Primorsk has the capacity to load about 1 million barrels per day (bpd) of crude, making it the biggest export hub in western Russia. The Kirishi refinery, operated by Surgutneftegaz, processes around 17.7 million metric tonnes annually (355,000 bpd), equal to about 6.4% of Russia’s total refining capacity.

Meanwhile, a company in Russia’s Bashkortostan region will maintain production despite a drone attack on Saturday, regional governor Radiy Khabirov said.

Pressure on Moscow is intensifying as U.S. President Donald Trump reiterated on Sunday that he is willing to impose further sanctions on Russia but insisted Europe must match U.S. measures.
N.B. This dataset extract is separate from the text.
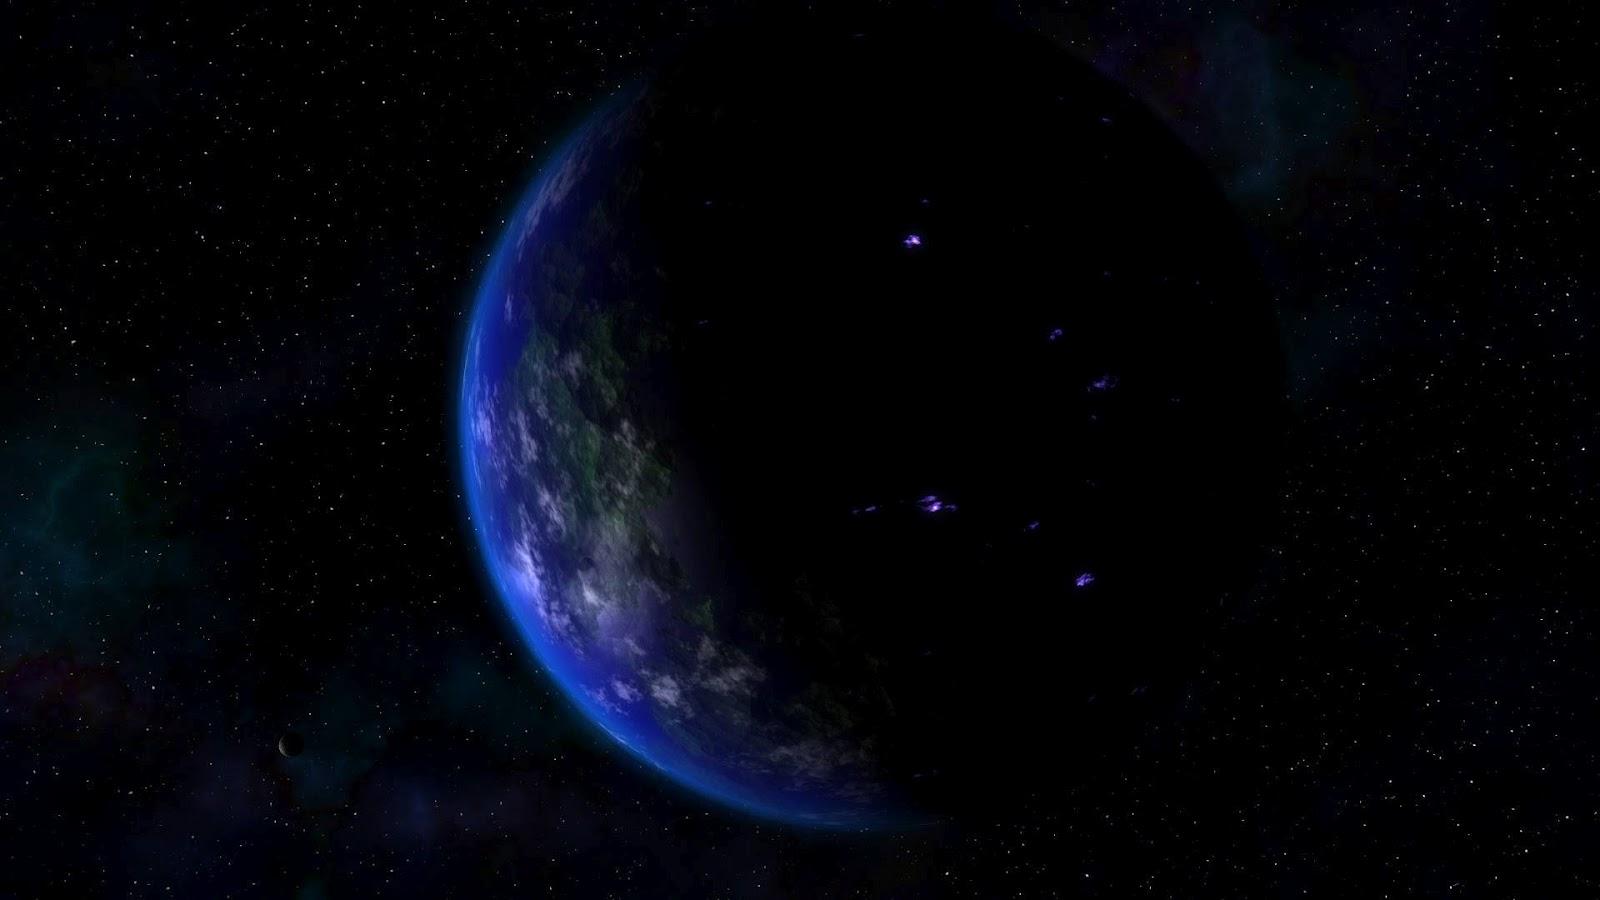 http://4.bp.blogspot.com/-2aC1l_hc99Y/UFFzaPEamEI/AAAAAAAAJ-8/nueh2xCGlTA/s1600/Planeta+Tierra+%5B+Wallpaper+HD+%5D.jpg

“Europe is buying oil from Russia. I don’t want them to buy oil,” Trump told reporters. “And the sanctions they’re putting on are not tough enough. I’m willing to impose sanctions, but they will have to toughen theirs to be commensurate with mine.”

Investors are also watching U.S.–China trade talks in Madrid that began on Sunday, as Washington presses its allies to impose tariffs on Chinese imports over Beijing’s purchases of Russian oil.

In the United States, weaker job-creation data and rising inflation last week heightened concerns about growth in the world’s largest economy and top oil consumer, even as the Federal Reserve is expected to cut interest rates at its 16–17 September meeting.